Python 中的哈希映射

原文:https://www.geeksforgeeks.org/hash-map-in-python/

哈希映射是索引数据结构。哈希映射利用哈希函数计算一个索引,该索引带有一个进入桶或槽数组的键。它的值被映射到具有相应索引的存储桶。密钥是唯一且不可变的。把哈希图想象成一个柜子,柜子里有抽屉,抽屉里存放的东西有标签。例如,存储用户信息-将电子邮件视为关键字,我们可以将与该用户对应的值(如名字、姓氏等)映射到一个桶中。

哈希函数是实现哈希映射的核心。它接收关键字,并将其转换为桶列表中桶的索引。理想的散列应该为每个键产生不同的索引。但是,可能会发生冲突。当散列给出一个现有的索引时,我们可以简单地通过附加一个列表或通过重新散列来为多个值使用一个桶。

在 Python 中,字典是哈希映射的例子。我们将从头开始看到哈希映射的实现,以便了解如何构建和定制这样的数据结构来优化搜索。

哈希映射设计将包括以下功能:

  • set_val(键,值):将键-值对插入哈希映射。如果哈希表中已经存在该值,请更新该值。
  • get_val(键):返回指定键映射到的值,如果此映射不包含键映射,则返回“未找到记录”。
  • delete_val(键):如果哈希映射包含特定键的映射,则删除该键的映射。

下面是实现。

Python 3

class HashTable:

    # Create empty bucket list of given size
    def __init__(self, size):
        self.size = size
        self.hash_table = self.create_buckets()

    def create_buckets(self):
        return [[] for _ in range(self.size)]
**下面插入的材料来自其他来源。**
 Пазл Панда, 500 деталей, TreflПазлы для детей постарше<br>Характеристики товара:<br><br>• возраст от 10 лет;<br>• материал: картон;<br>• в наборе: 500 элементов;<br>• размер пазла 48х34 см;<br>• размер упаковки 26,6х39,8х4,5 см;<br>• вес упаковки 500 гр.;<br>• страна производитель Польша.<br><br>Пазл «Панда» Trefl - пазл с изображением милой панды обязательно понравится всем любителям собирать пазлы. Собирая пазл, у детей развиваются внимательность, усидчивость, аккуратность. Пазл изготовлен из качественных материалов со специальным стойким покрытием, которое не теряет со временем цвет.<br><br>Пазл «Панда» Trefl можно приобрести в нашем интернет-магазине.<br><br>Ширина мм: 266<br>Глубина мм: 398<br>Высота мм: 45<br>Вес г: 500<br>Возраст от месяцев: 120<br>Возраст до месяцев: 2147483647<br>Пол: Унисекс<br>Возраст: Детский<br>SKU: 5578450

    # Insert values into hash map
    def set_val(self, key, val):

        # Get the index from the key
        # using hash function
        hashed_key = hash(key) % self.size

        # Get the bucket corresponding to index
        bucket = self.hash_table[hashed_key]

        found_key = False
        for index, record in enumerate(bucket):
            record_key, record_val = record

            # check if the bucket has same key as
            # the key to be inserted
            if record_key == key:
                found_key = True
                break

        # If the bucket has same key as the key to be inserted,
        # Update the key value
        # Otherwise append the new key-value pair to the bucket
        if found_key:
            bucket[index] = (key, val)
        else:
            bucket.append((key, val))

    # Return searched value with specific key
    def get_val(self, key):

        # Get the index from the key using
        # hash function
        hashed_key = hash(key) % self.size

        # Get the bucket corresponding to index
        bucket = self.hash_table[hashed_key]

        found_key = False
        for index, record in enumerate(bucket):
            record_key, record_val = record

            # check if the bucket has same key as 
            # the key being searched
            if record_key == key:
                found_key = True
                break

        # If the bucket has same key as the key being searched,
        # Return the value found
        # Otherwise indicate there was no record found
        if found_key:
            return record_val
        else:
            return "No record found"

    # Remove a value with specific key
    def delete_val(self, key):

        # Get the index from the key using
        # hash function
        hashed_key = hash(key) % self.size

        # Get the bucket corresponding to index
        bucket = self.hash_table[hashed_key]

        found_key = False
        for index, record in enumerate(bucket):
            record_key, record_val = record

            # check if the bucket has same key as
            # the key to be deleted
            if record_key == key:
                found_key = True
                break
        if found_key:
            bucket.pop(index)
        return

    # To print the items of hash map
    def __str__(self):
        return "".join(str(item) for item in self.hash_table)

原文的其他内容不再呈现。